# Beats Music integration in iDrive



## MonkeyDigsBMW (Aug 24, 2013)

The music service MOG is changing to Beats music in April. Beats launched today. MOG users know that MOG is integrated wonderfully with iDrive. You can leave feedback here to persuade Beats to continue the integration with the new Beats app.

http://support.beatsmusic.com/hc/communities/public/questions/200378094-BMW-Integration

Let's do this!


----------



## Ilan (Oct 25, 2008)

everyone who uses mog should jump and vote all the answers up. we need this.


----------



## MonkeyDigsBMW (Aug 24, 2013)

Ilan said:


> everyone who uses mog should jump and vote all the answers up. we need this.


yes!!!!!


----------



## MonkeyDigsBMW (Aug 24, 2013)

please everyone reading this...go post in this thread if you haven't already....
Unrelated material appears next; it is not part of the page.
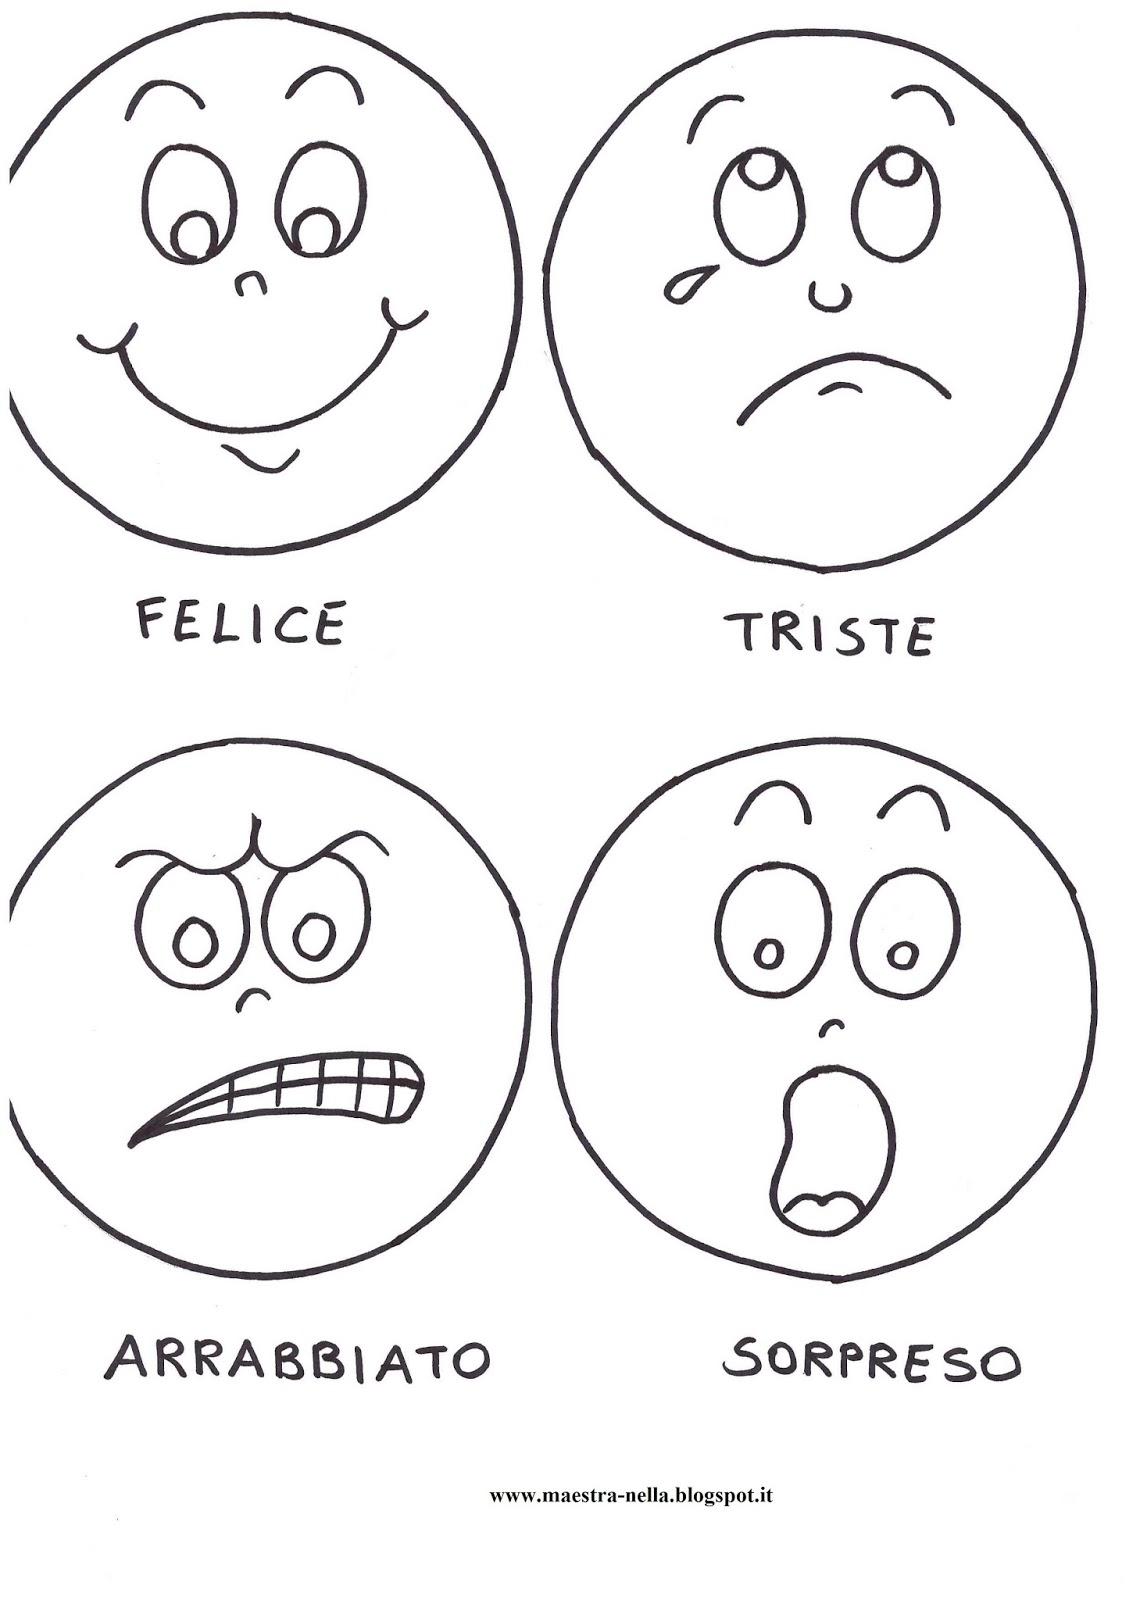 Estremamente maestra Nella: La paletta delle emozioni UL16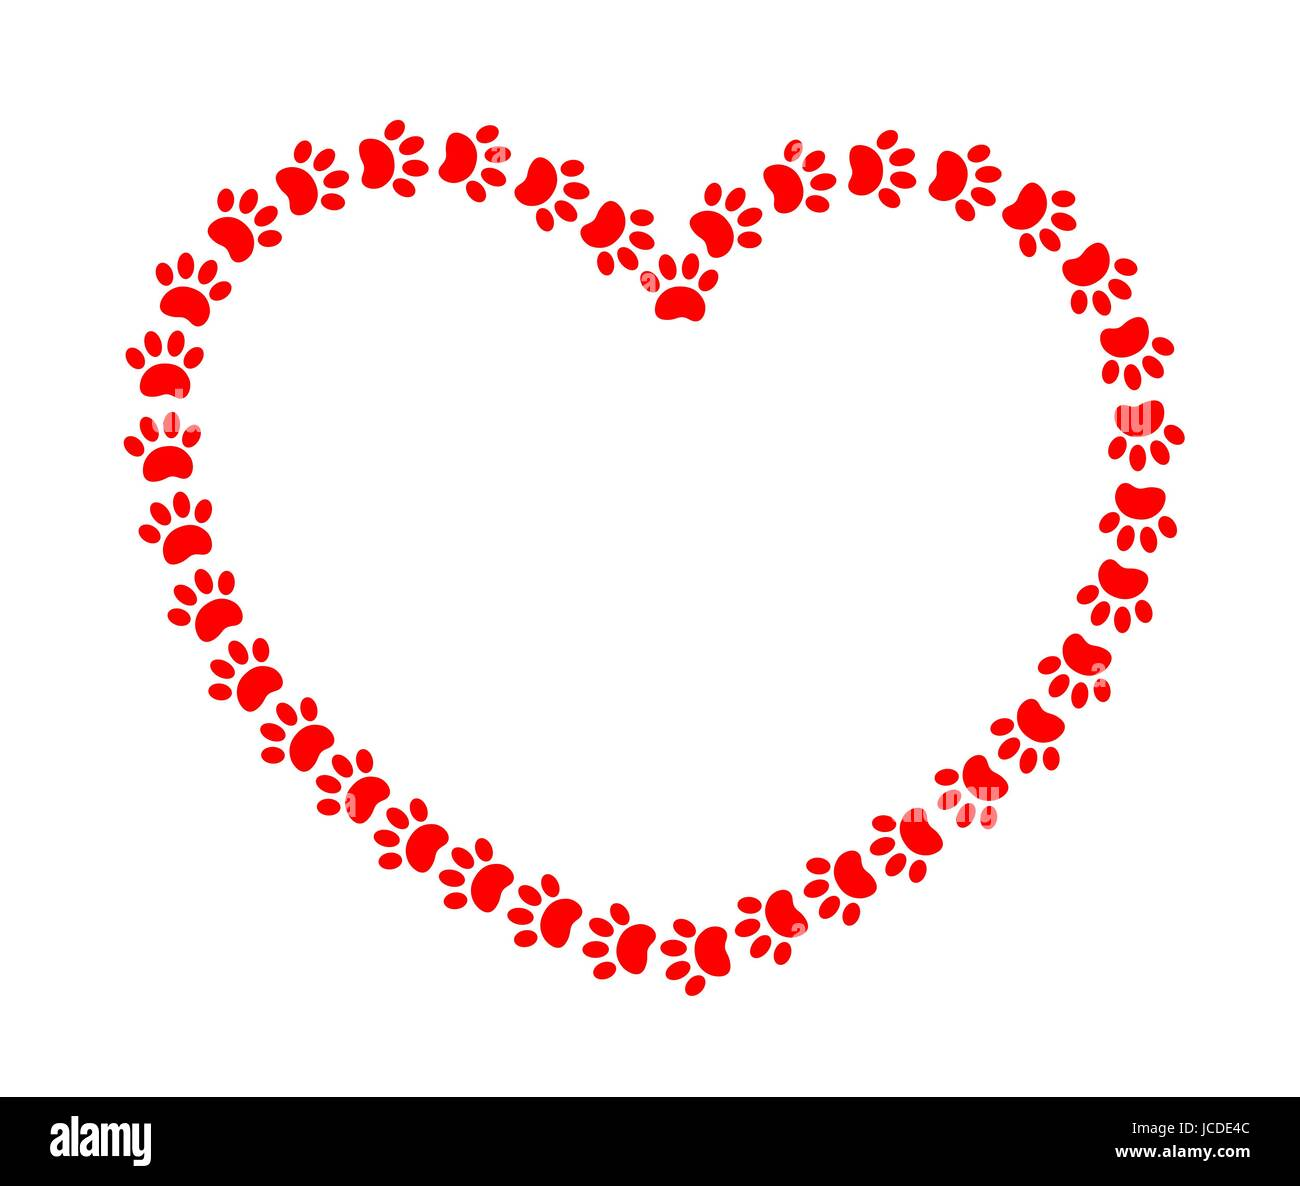 Herz-Rahmen mit roten Pfoten Tiere Vektor Abbildung - Bild ...

http://support.beatsmusic.com/hc/com...MW-Integration


----------



## Ilan (Oct 25, 2008)

Any update on this ? I actually really like Beats Audio but iDrive integration will make it perfect.


----------



## gomichaelkgo (Mar 31, 2006)

Uh Oh, Beats is in talks to be purchased by Apple. 

The shuttering MOG service (which was AWESOME) is certainly doomed now.


----------